Press Release
August 12, 2019

Recto pushes for solar power systems in all government buildings

Senate President Pro-Tempore Ralph G. Recto made formal his proposal to have all government buildings and offices utilize solar energy system, in a bid to reduce utility costs and mandate the development of renewable energy (RE) resources.

Senate Bill No. 48 or the proposed Solar Energy in National Government Offices Act requires the establishment of solar energy system that will have the capacity to supply 50 percent of the electric power requirements of government offices within a period of five years.

Initially, the solar energy systems sought to be established by Recto is aimed at supplying 10 percent of the power supply of government offices or buildings on the first year of the effectivity of the measure.

It shall gradually increase annually for five years until it has reached the capacity to supply 50 percent of the power requirements of all government offices and buildings.

The measure, Recto emphasized, does not preclude the expansion of existing solar energy systems installed in government buildings and offices.

Construction of solar energy systems in government buildings and offices shall begin within 60 days after the bill has been enacted into law, he said.

Expenses to be incurred shall be charged against any available funds of the government agencies and the subsequent funding requirements shall be included in the General Appropriations Act (GAA), the senator said.

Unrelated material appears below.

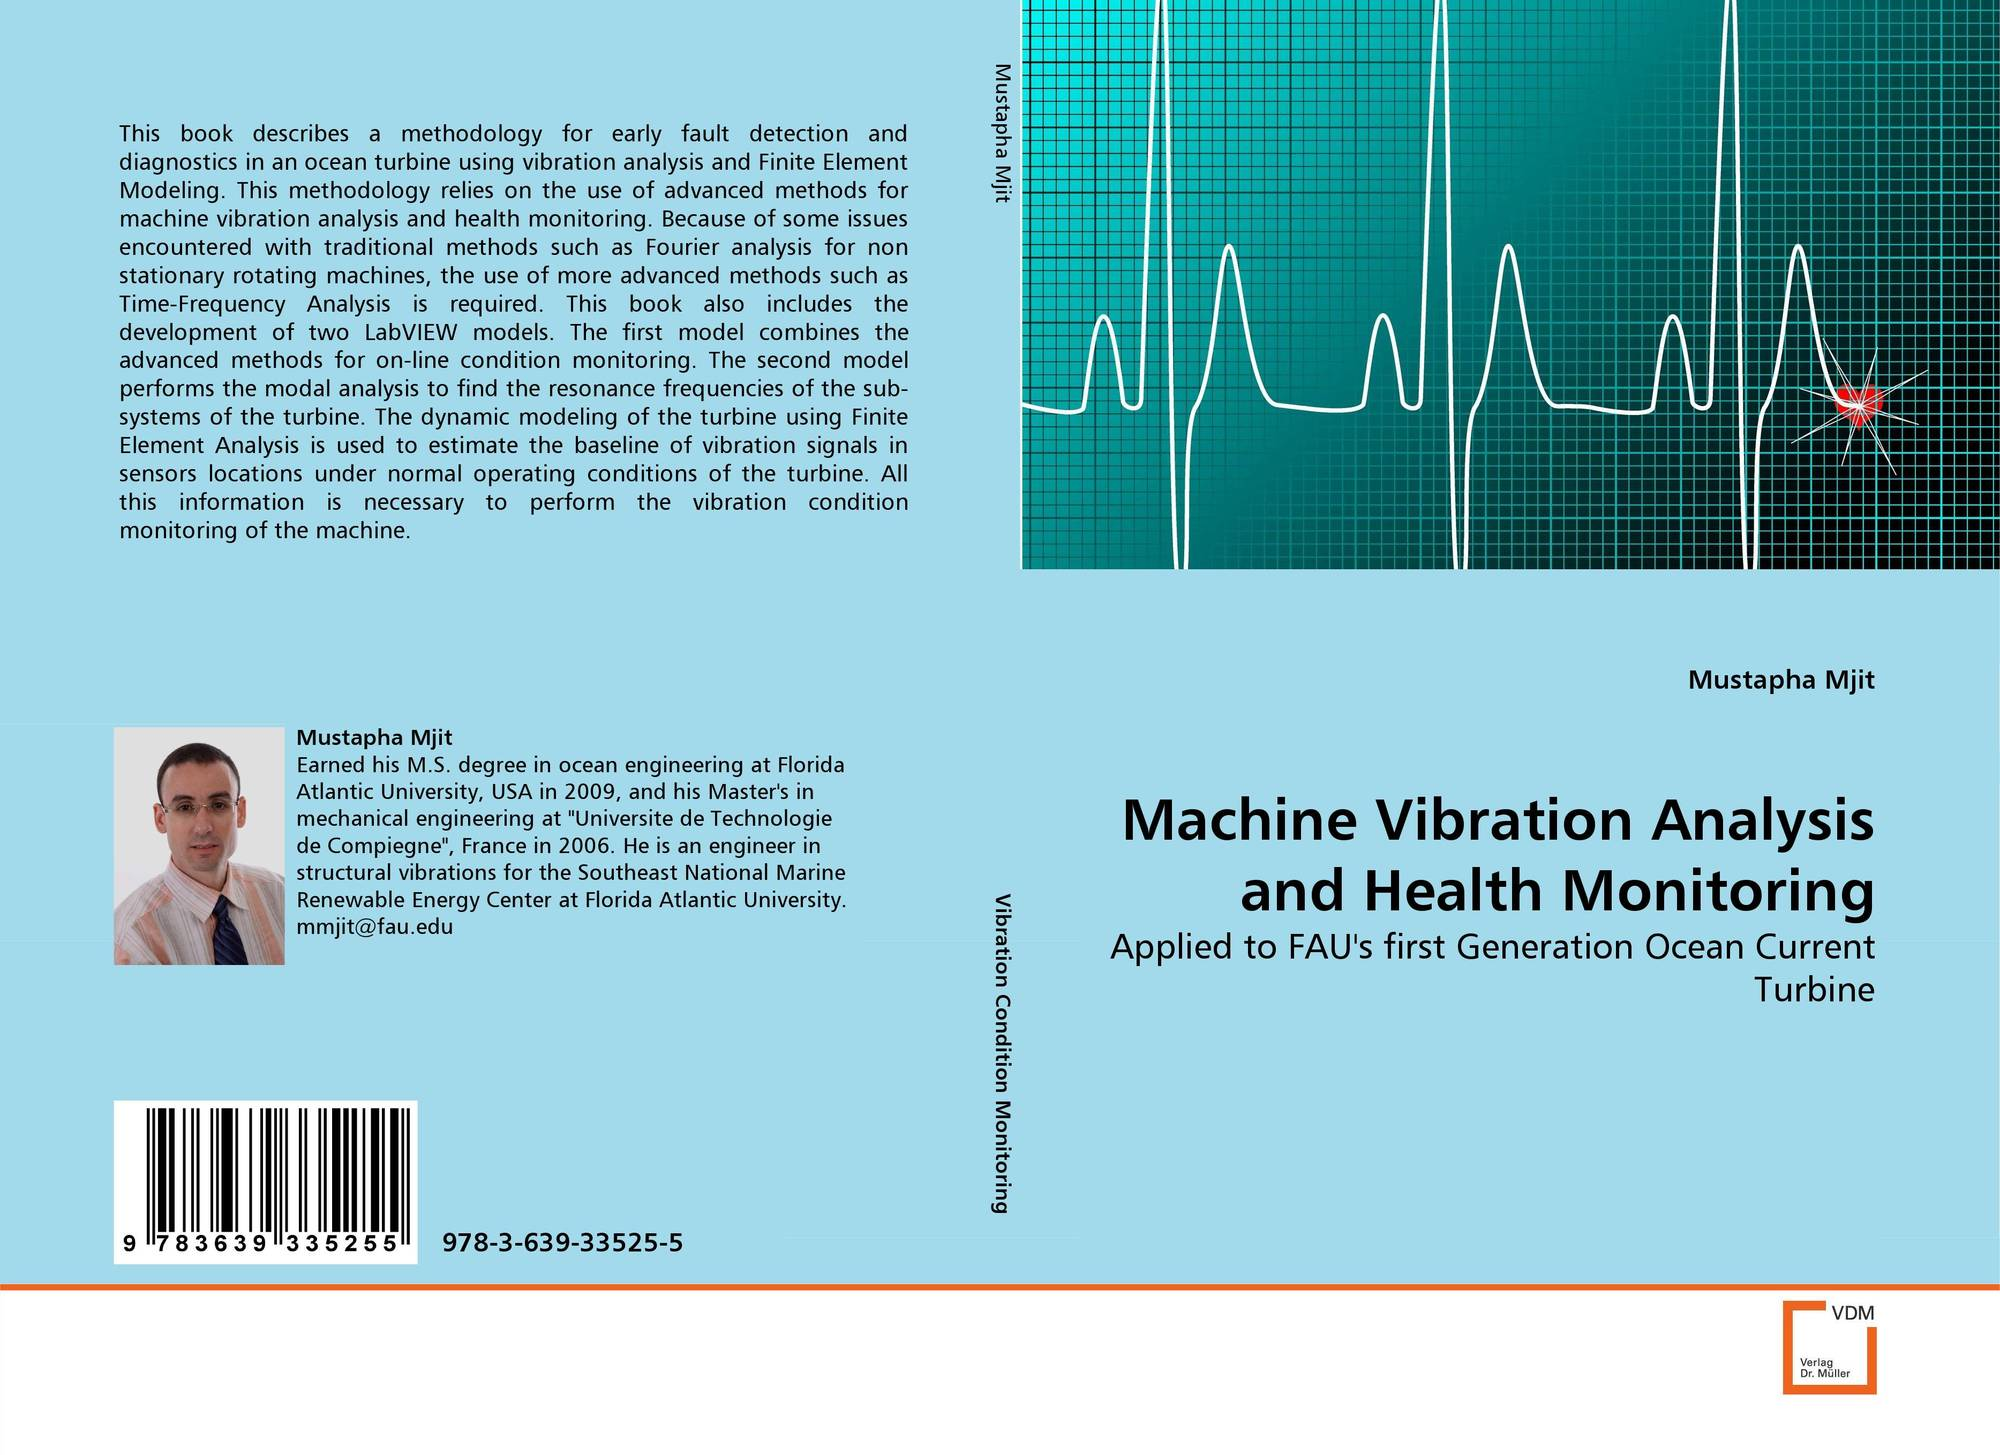 Machine Vibration Analysis and Health Monitoring, 978-3-639

The bill seeks to mandate the Department of Public Works and Highways (DPWH), in coordination with the Department of Energy (DOE), to construct RE systems in and retrofit government buildings and offices, by installing solar energy systems.

Solar energy, Recto said, is the most abundant RE resource that can be installed to generate power at a faster rate unlike fossil fuel-based power plants which require a minimum three to five years of gestation period.

"Also, it will not affect our foreign currency reserves as imported petroleum and other fossil fuels do," said Recto.

Furthermore, the senator said that the production and installation of materials and equipment for use in solar energy systems incur minimal environmental and physical impacts.

"Solar energy systems do not require extraction activities like large-scale mining or drilling which bring about negative environmental impacts. It does not generate Greenhouse Gases such as carbon and methane nor emit particulates that are the bane of fossil fuels," he said.

"Most important, solar panels can be installed on rooftops and designated areas without disrupting activities or dislocating electric power consumers. It can also generate substantial savings versus fossil-fueled power plants whose feed stocks have to be transported over long distances for which generators incur transport or hauling costs," Recto added.

SB 48 is also seen to create employment opportunities and enhanced skills of those in the RE industry as it will push their competitive edge worldwide, the senator said.